### Raw data:
****

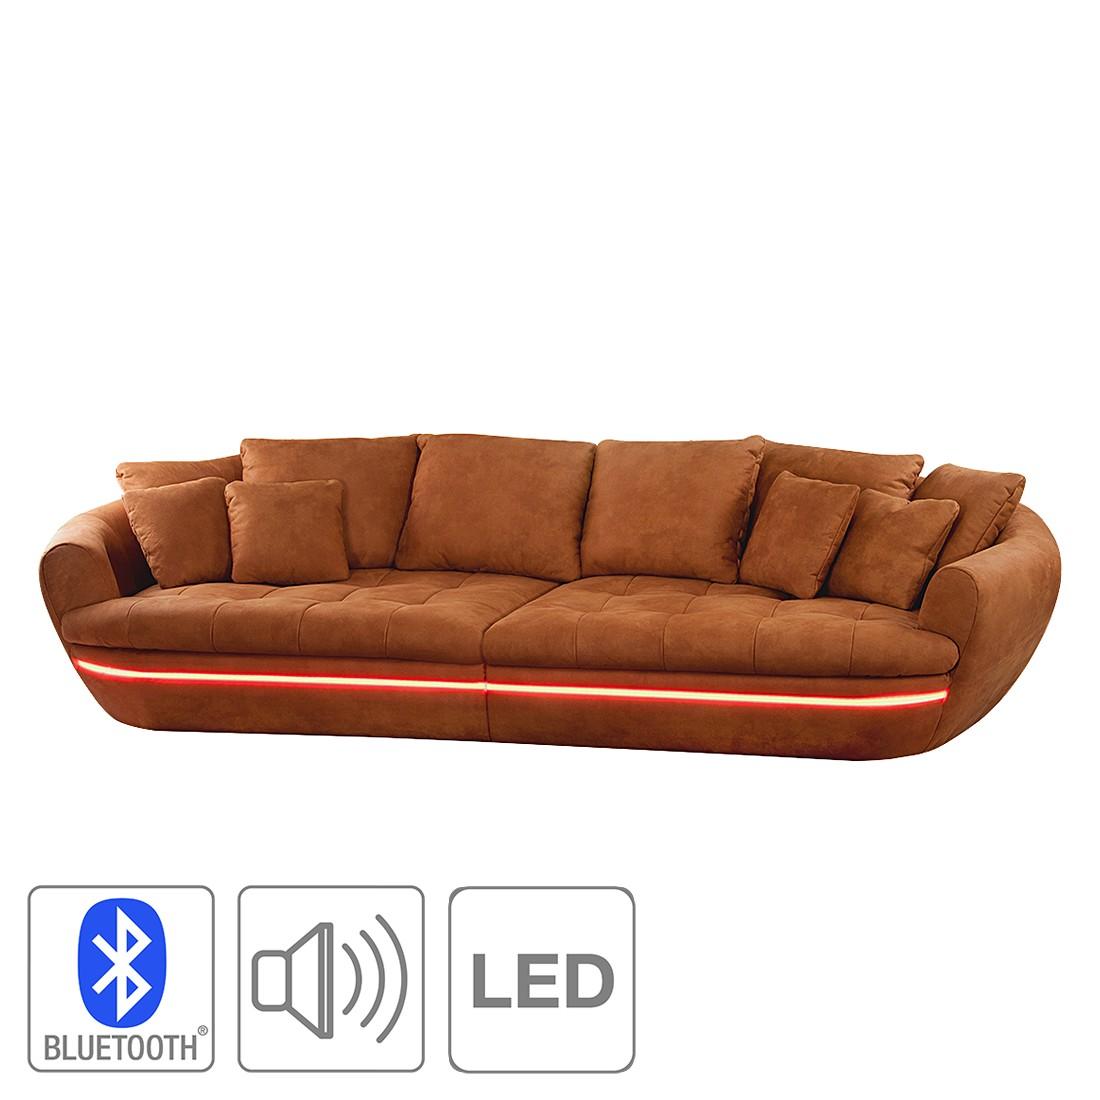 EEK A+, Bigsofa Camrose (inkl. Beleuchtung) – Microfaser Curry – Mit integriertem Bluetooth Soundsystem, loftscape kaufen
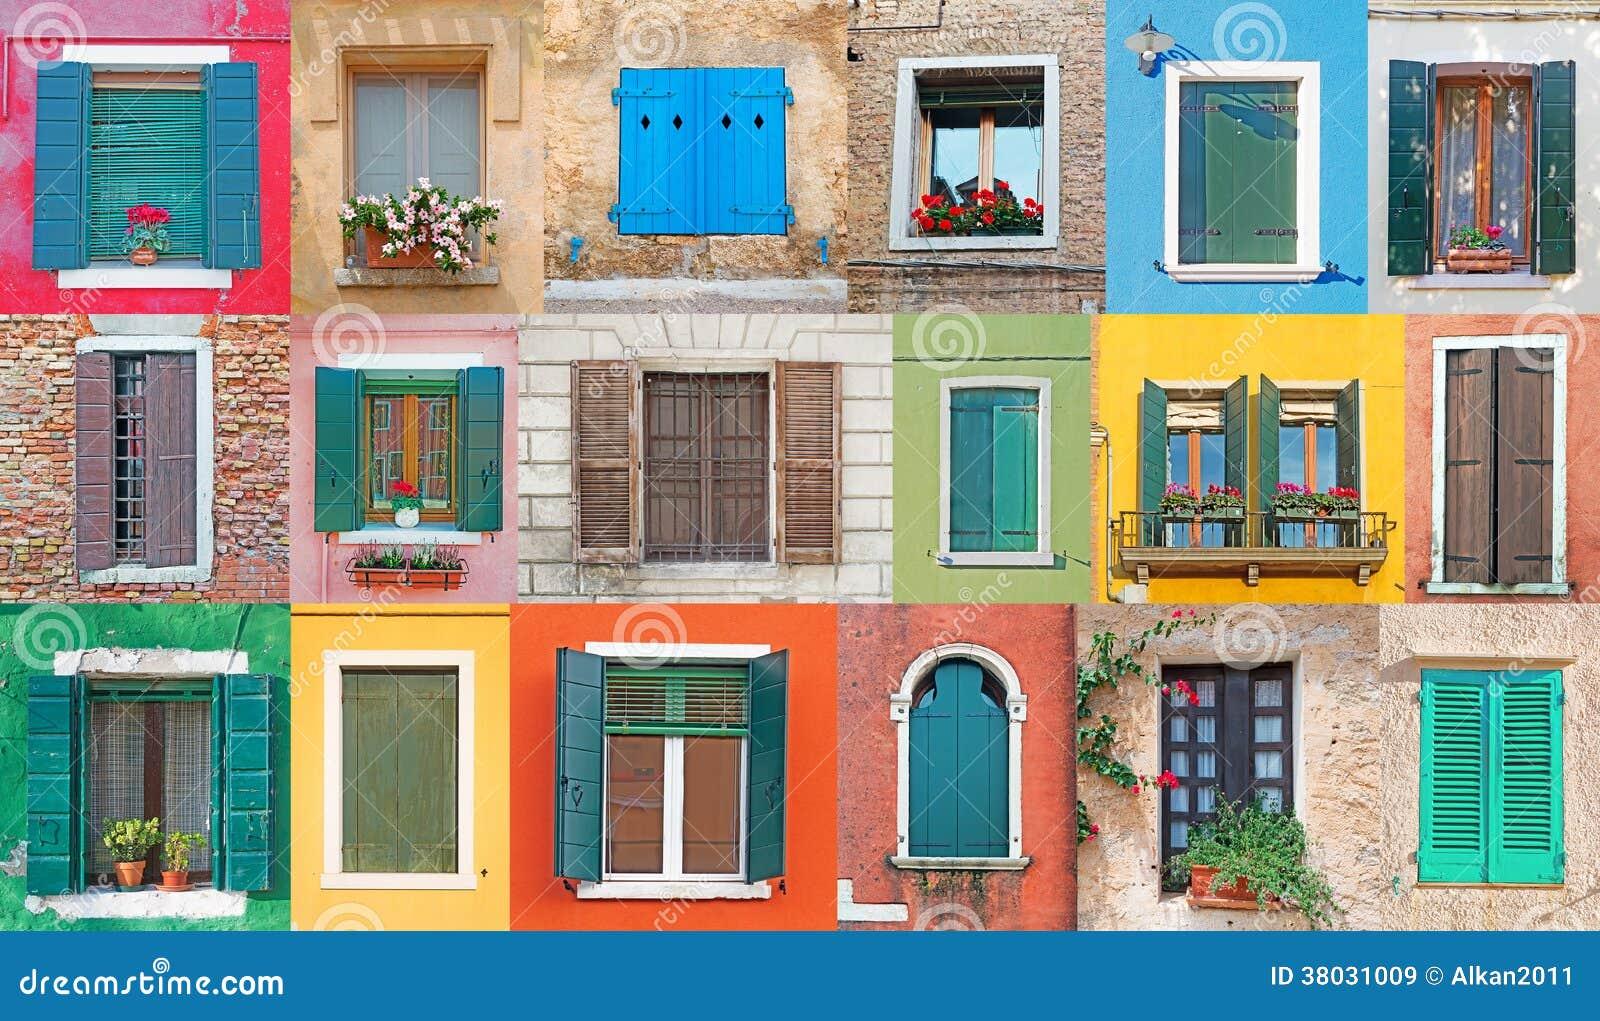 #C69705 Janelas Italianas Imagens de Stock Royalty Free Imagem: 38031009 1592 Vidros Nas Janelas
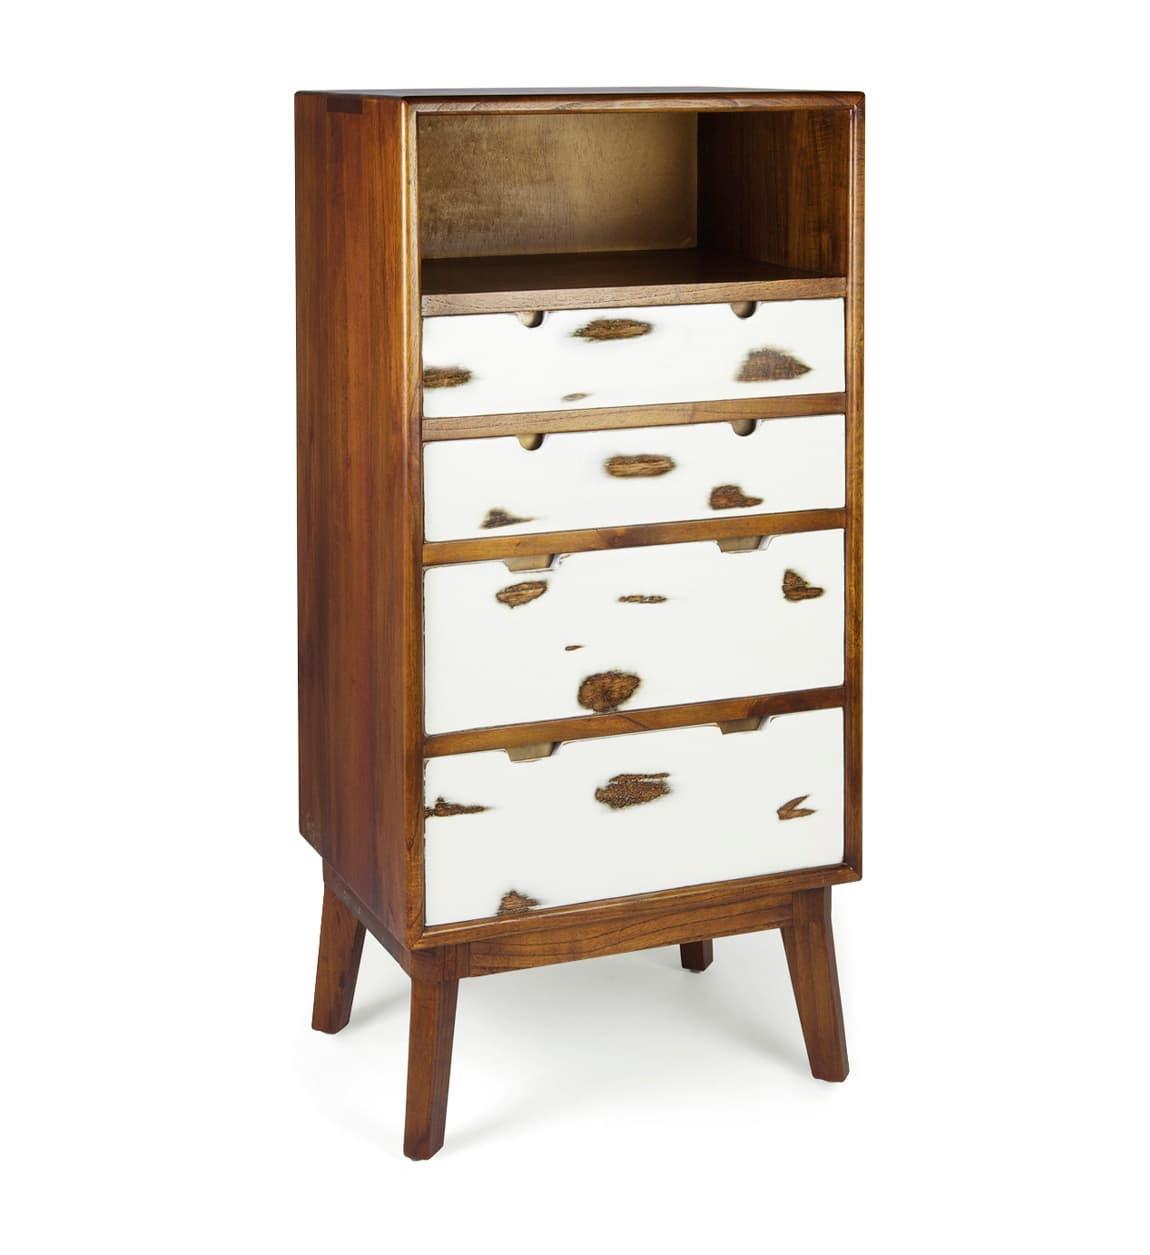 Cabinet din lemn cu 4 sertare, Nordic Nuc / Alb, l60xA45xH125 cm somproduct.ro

****

### Assignment:
Every line of the material must be returned exactly; leave the images out.

### Response:
 EEK A+, Bigsofa Camrose (inkl. Beleuchtung) – Microfaser Curry – Mit integriertem Bluetooth Soundsystem, loftscape kaufen
 #C69705 Janelas Italianas Imagens de Stock Royalty Free Imagem: 38031009 1592 Vidros Nas Janelas
 Cabinet din lemn cu 4 sertare, Nordic Nuc / Alb, l60xA45xH125 cm somproduct.ro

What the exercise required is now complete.